**WORK TASK**
Exclude the pictures and reproduce the remaining data exactly as written.

**AVAILABLE DATA**
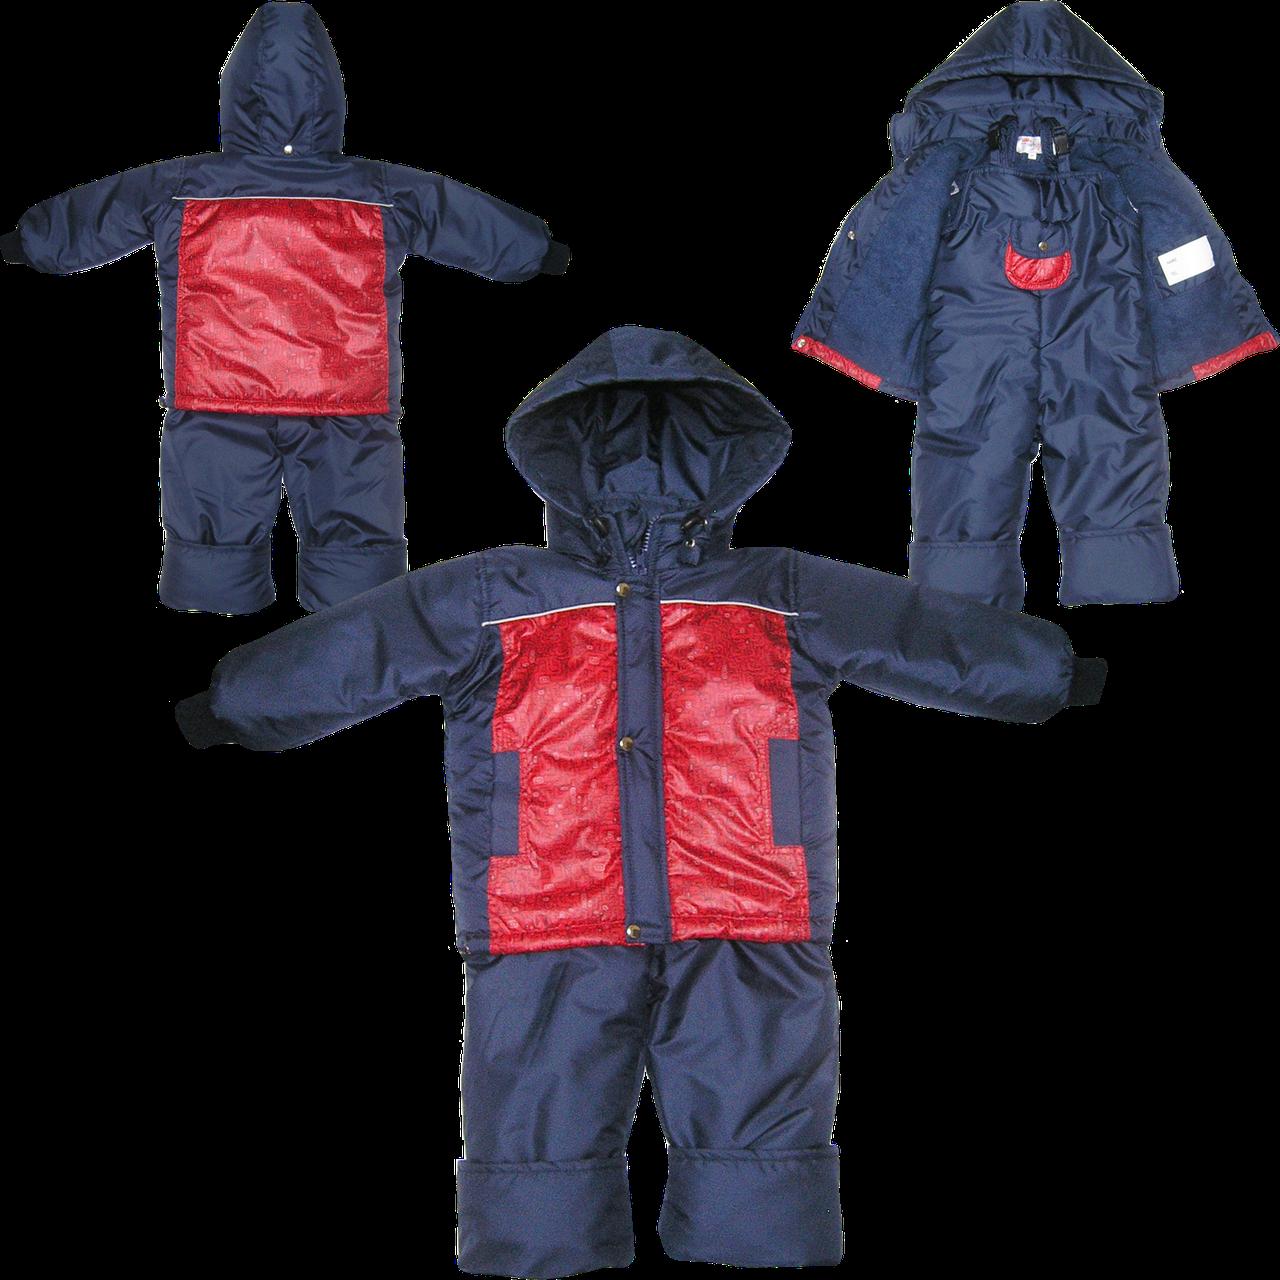 Детский весенний осенний комбинезон р. 80 для мальчика куртка и полукомбинезон на флисе 1921 Красный - Детский интернет-магазин «Ромашка» в Киеве
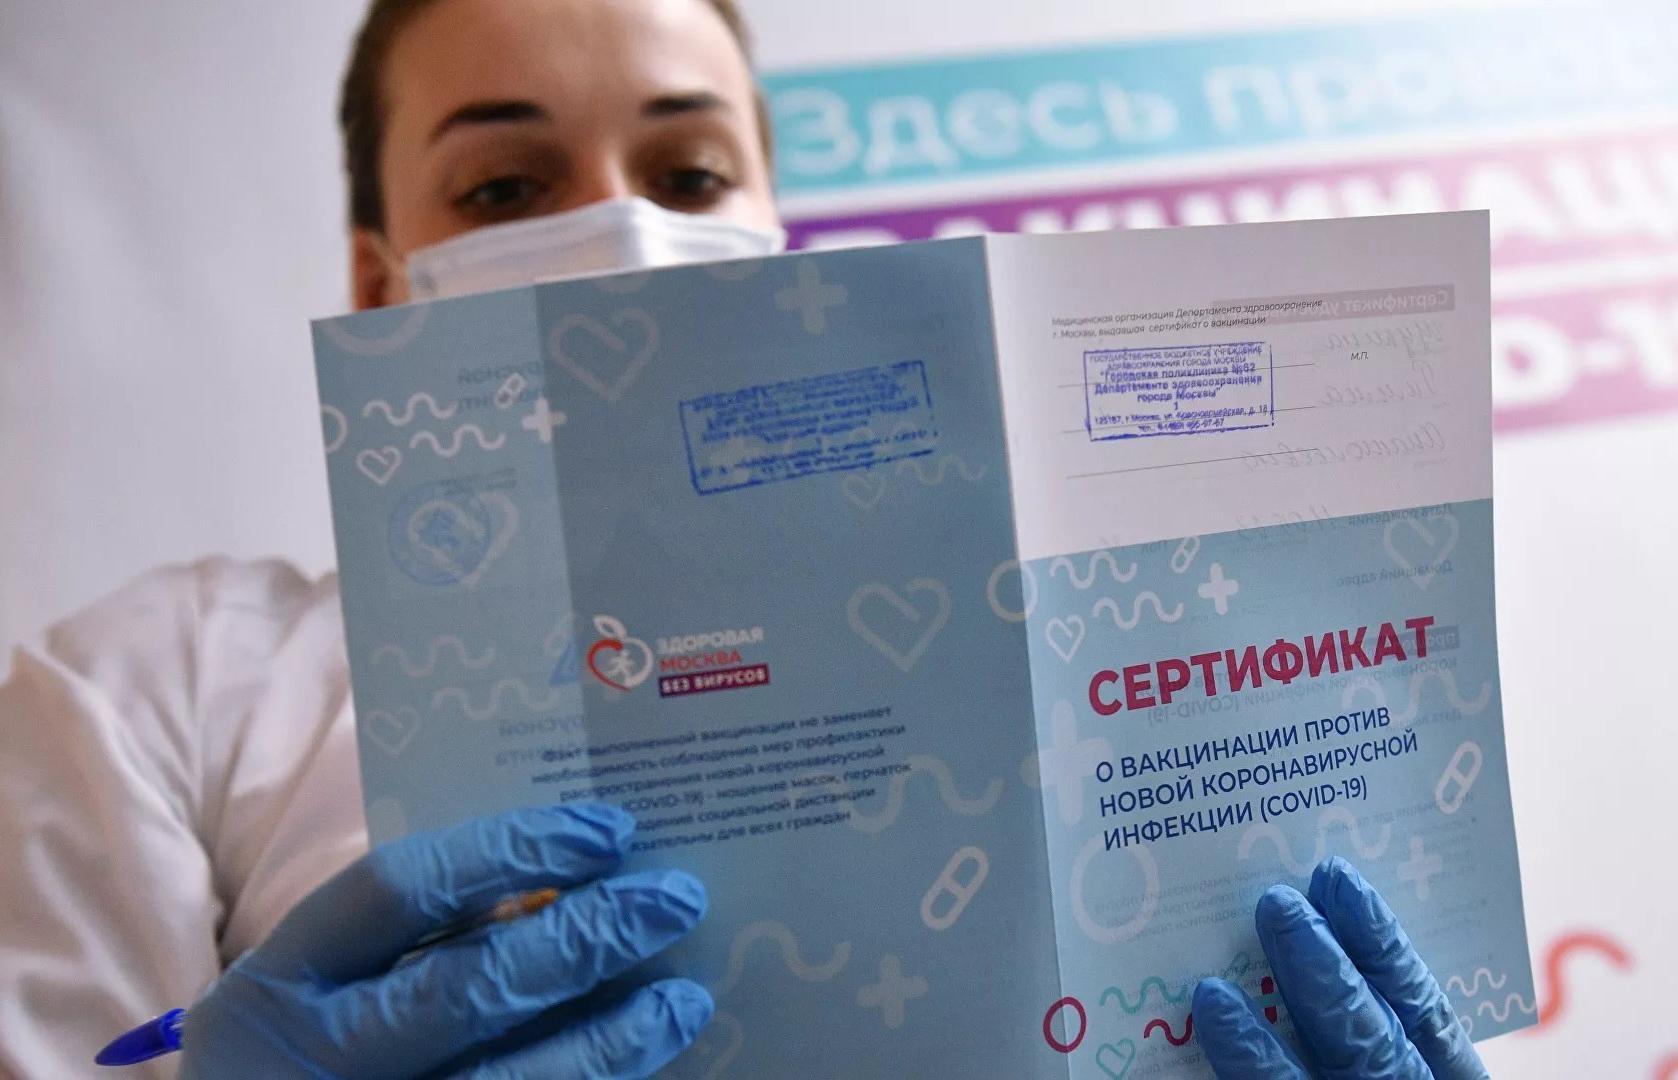 Жителям Тверской области напомнили о сроках за поддельные ковид-сертификаты - новости Афанасий
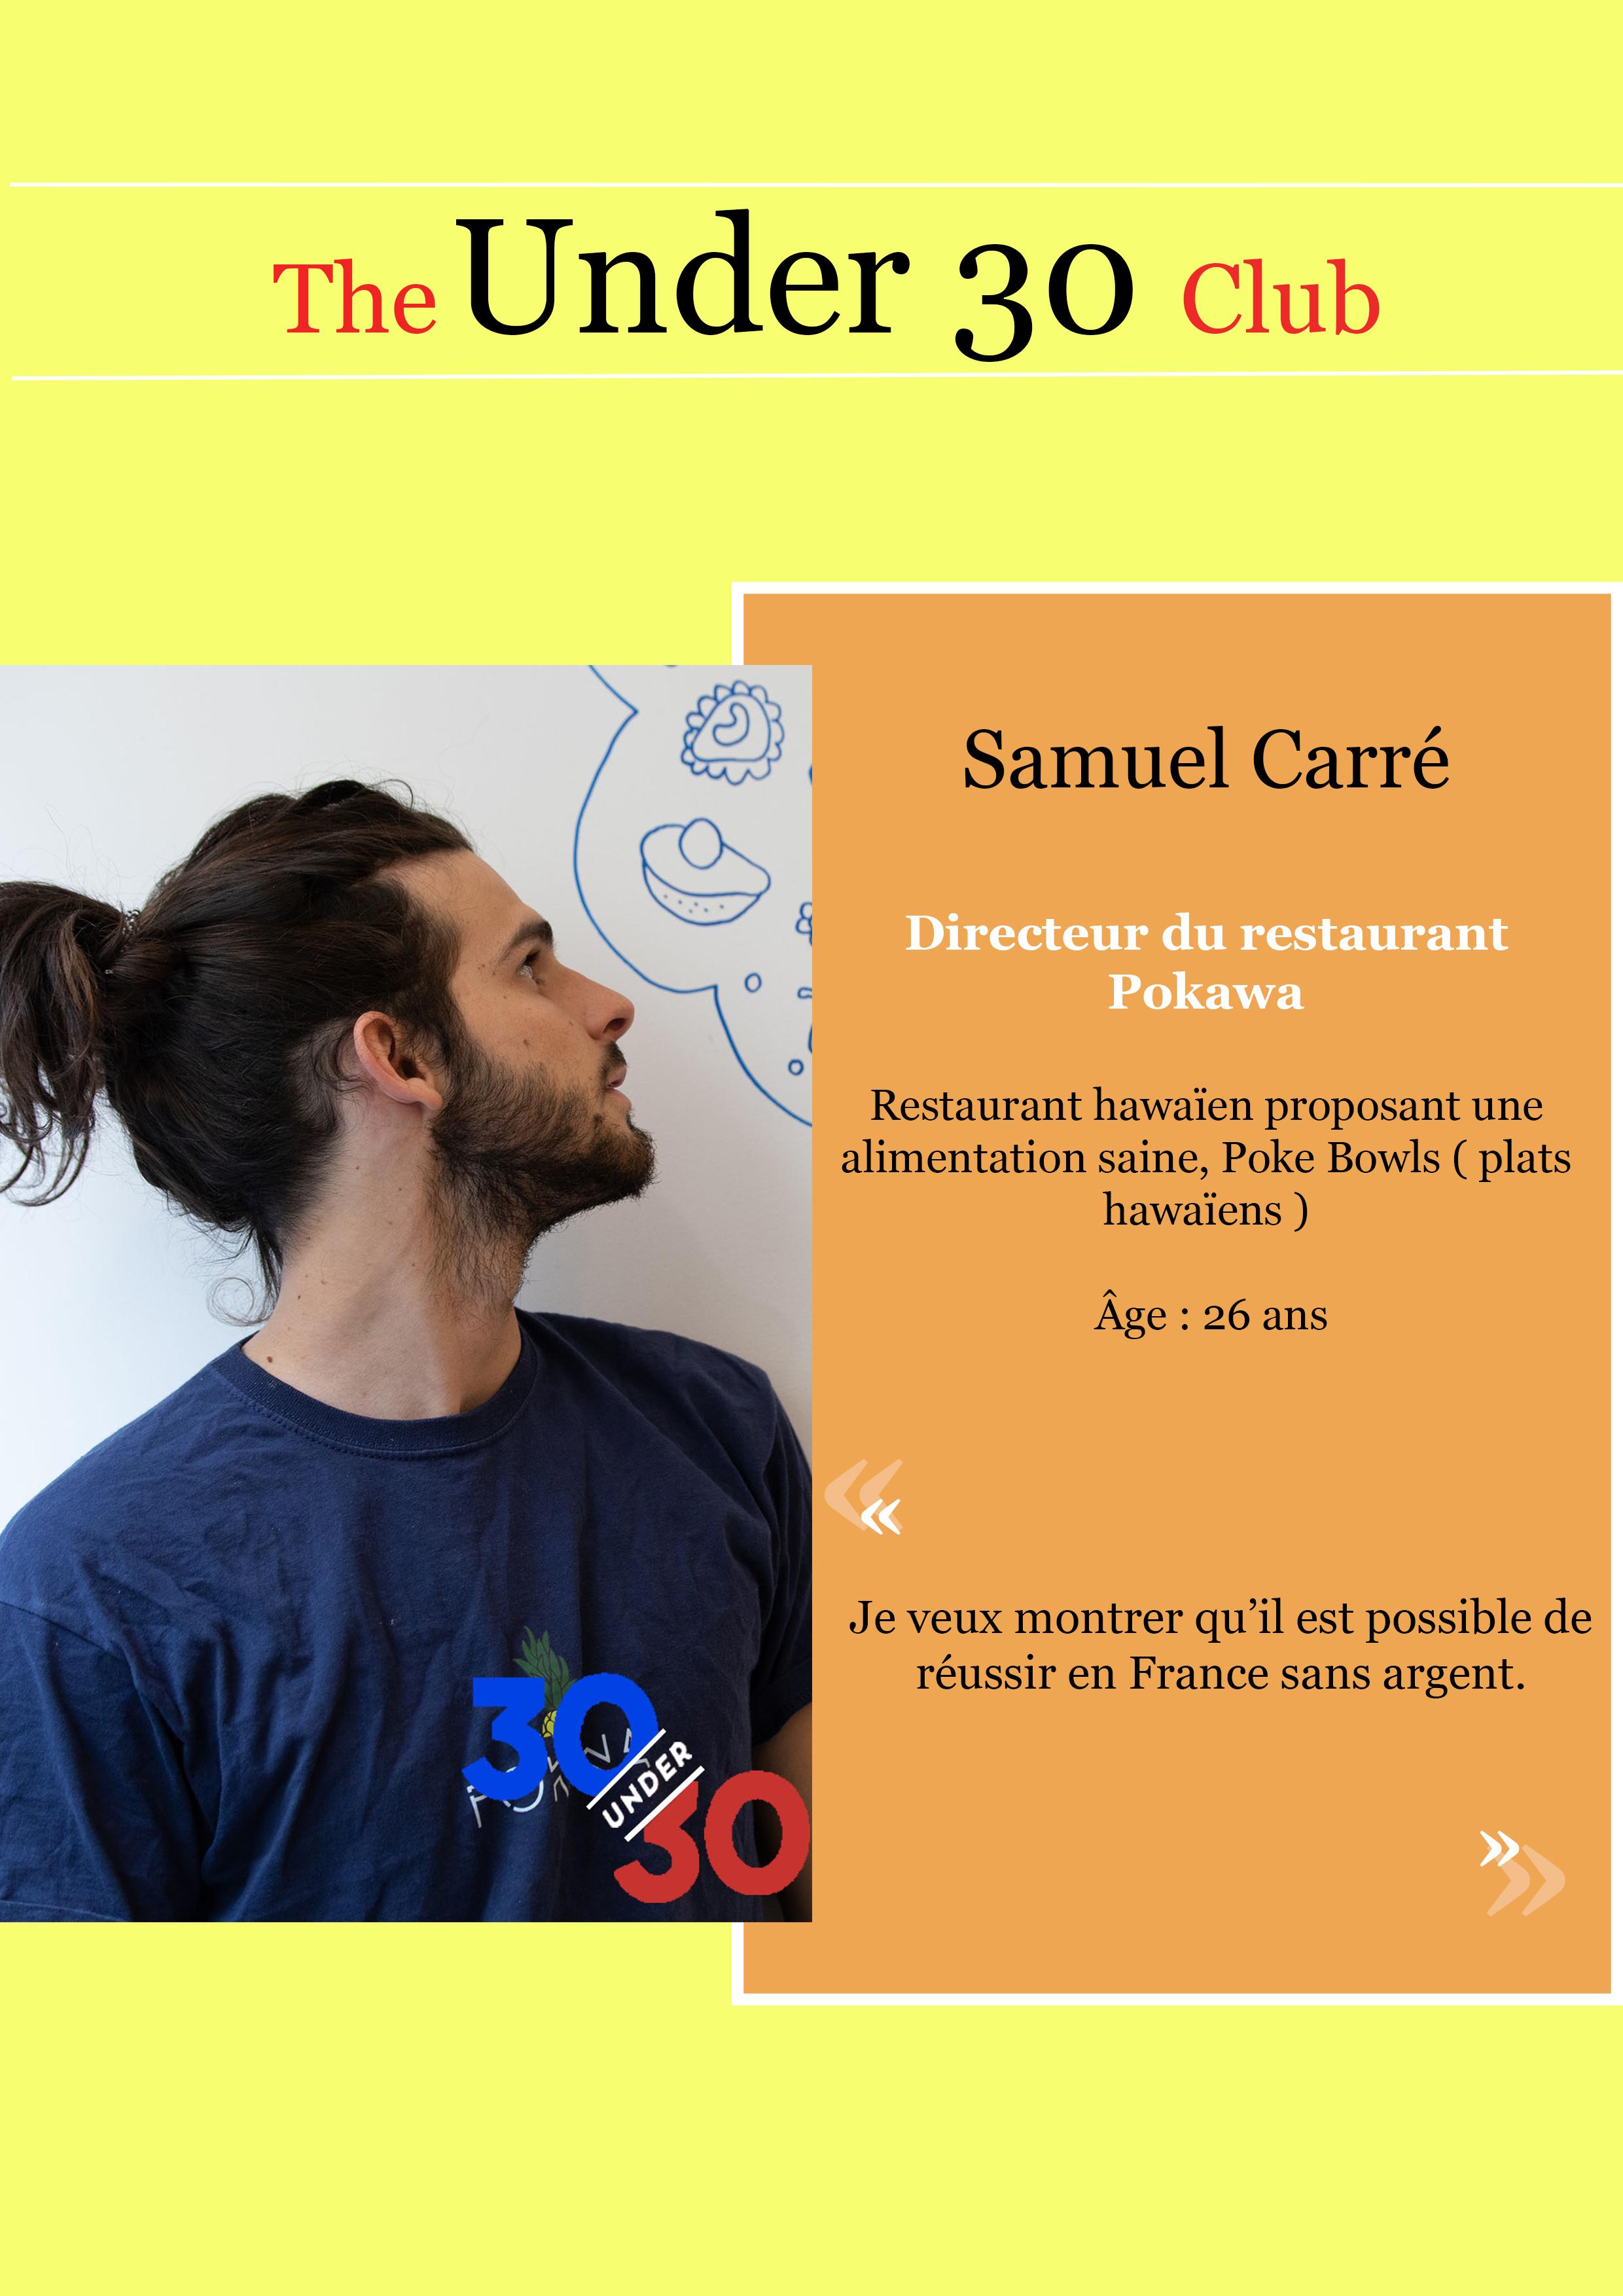 Samuel Carre

**TASK SOLUTION**
 Детский весенний осенний комбинезон р. 80 для мальчика куртка и полукомбинезон на флисе 1921 Красный - Детский интернет-магазин «Ромашка» в Киеве
 Жителям Тверской области напомнили о сроках за поддельные ковид-сертификаты - новости Афанасий
 Samuel Carre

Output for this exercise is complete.